18. Rencana

124 10 3
                                    

Kelas gaduh luar biasa waktu gue sampai di sekolah dan masuk ke kelas. Beberapa dari orang kelas duduk melingkar, kaya lagi diskusiin sesuatu. Entah, gue juga gak tahu.

Dan gue berusaha gak mau ikut campur, jadi gue mutusin buat jalan terus sampai ke kursi tempat duduk gue. Tepat saat gue naruh tas, suara Jevan ngalihin perhatian gue.

"Rhea!" seru cowok itu sambil melambaikan tangan, nyuruh gue buat ikutan masuk ke dalam lingkaran itu.

Gue aja baru sadar ternyata Jevan sama Alan juga duduk di sana. Sebenarnya mereka semua lagi ngomongin apa sih?

Alan ikut noleh, lalu natap gue akan nyuruh buat gabung. Mukanya tengil kaya biasa, tapi anehnya hari ini dia lebih diam. Kenapa sih?

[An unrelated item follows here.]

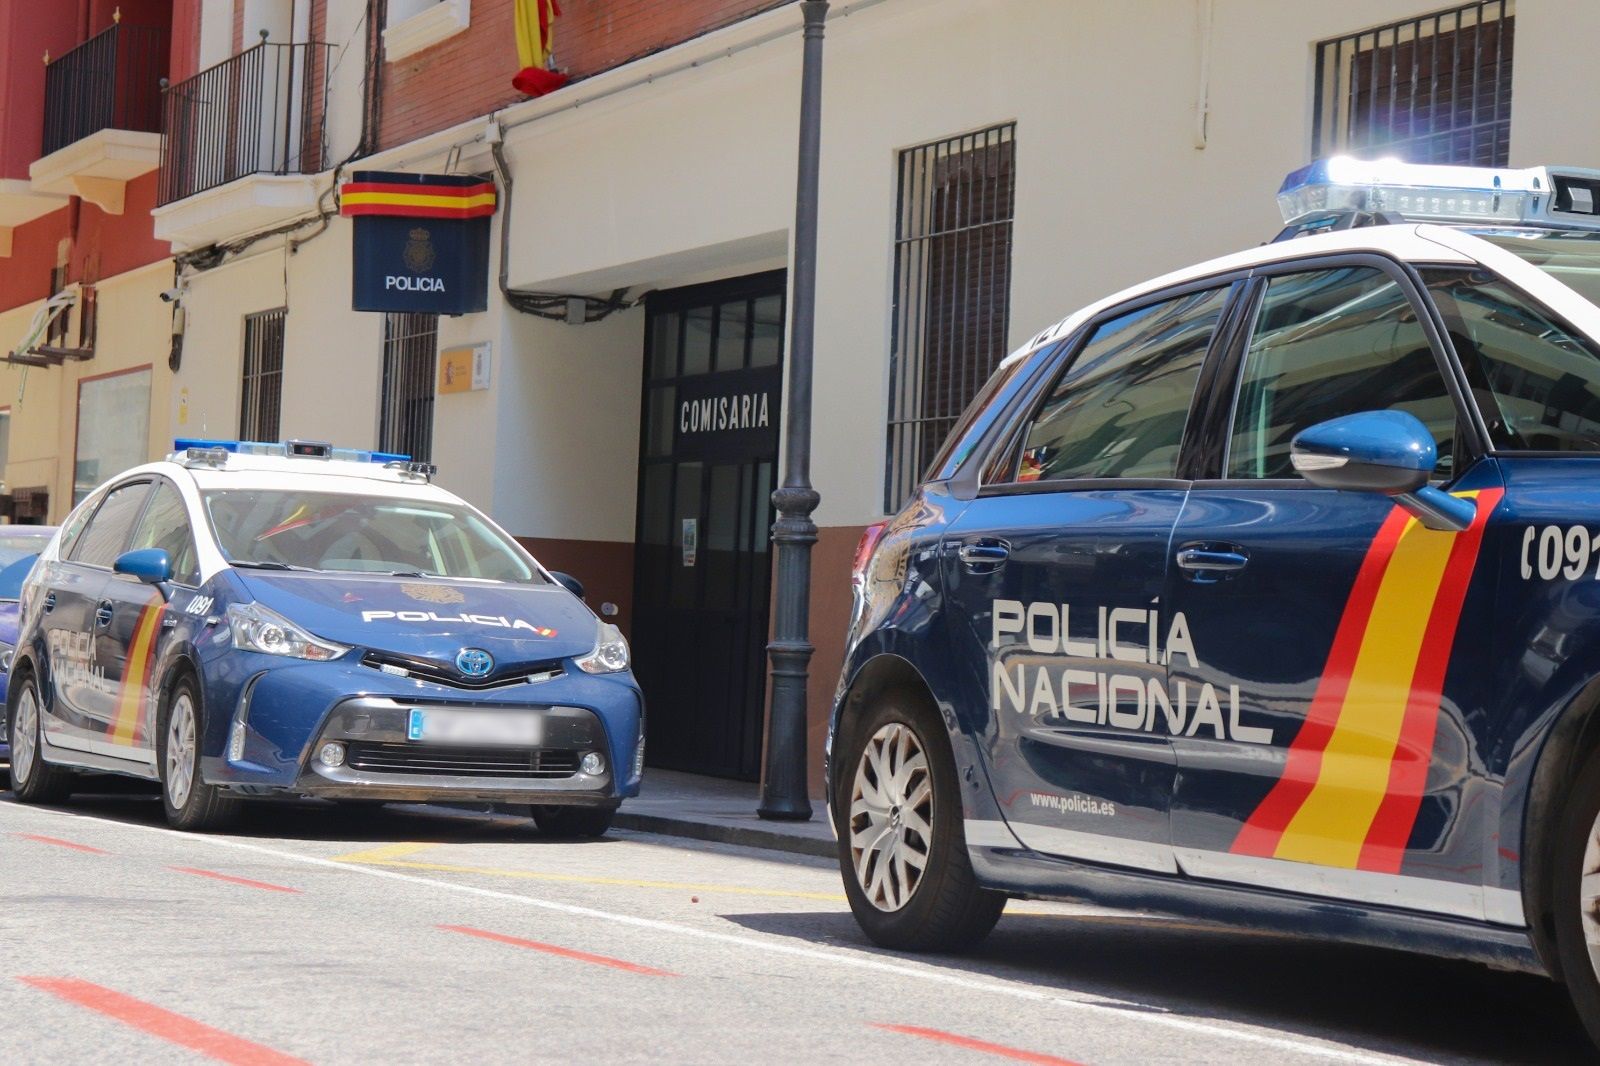 Aparece un hombre muerto y ensangrentado en un coche aparcado junto al Coliseum en A Coruña
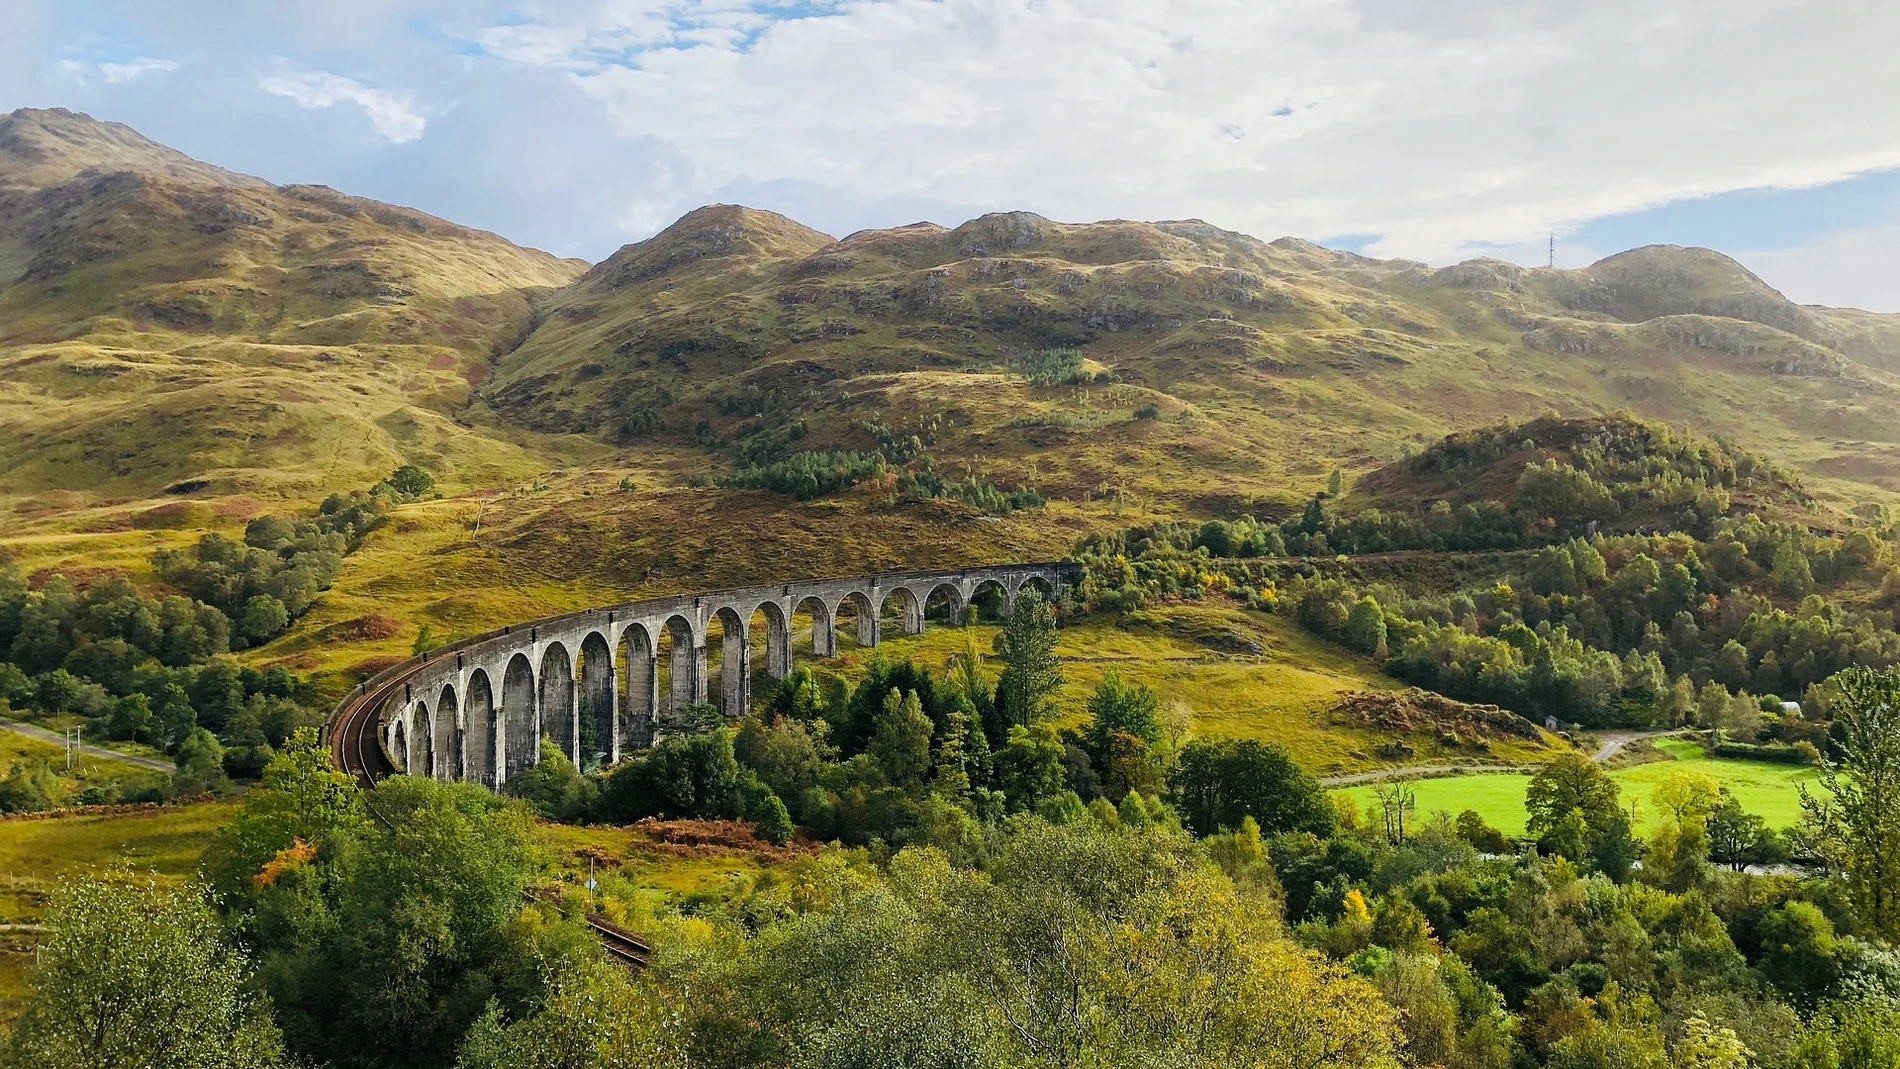 Puentes como este, conocido por haber servido de escenario durante la escena del coche volador de Harry Potter, son algunas de las bellezas disponibles en las tierras altas de Escocia.

Gak sabar sama gue yang belum jalan juga akhirnya Jevan nyeletuk kesal, "sini anjir, lelet amat dah tuan putri kita ini."

"Minta tabok, ya?" geramku pelan, memelototi Jevan berharap itu anak tutup mulut sebelum gue cabein mulut nyablaknya.

"Udah cepet duduk sini," kata Alan kalem sambil nepuk tempat kosong di sebelahnya.

Hm? Tumben kalem?

Adam yang duduk di samping Alan nyengir pelan.  "Gimana udah kumpul semua 'kan?" tanyanya santai dan tegas.

Dari sekian banyak cowok gesrek di kelas gue, emang terkadang cuma Adam yang rada normal dan bisa diajak serius. Makanya gak heran kalau dia terpilih jadi ketua kelas di sini.

"Nah jadi gini temen-temen, sebenarnya dua hari lalu ulang tahun Ibu Risa. Kalau gak ngasih apa-apa 'kan gak enak sama Ibunya, beliau juga wali kelas kita. Gimana kalau kita kasih kejutan sama Ibu Risa hari ini?"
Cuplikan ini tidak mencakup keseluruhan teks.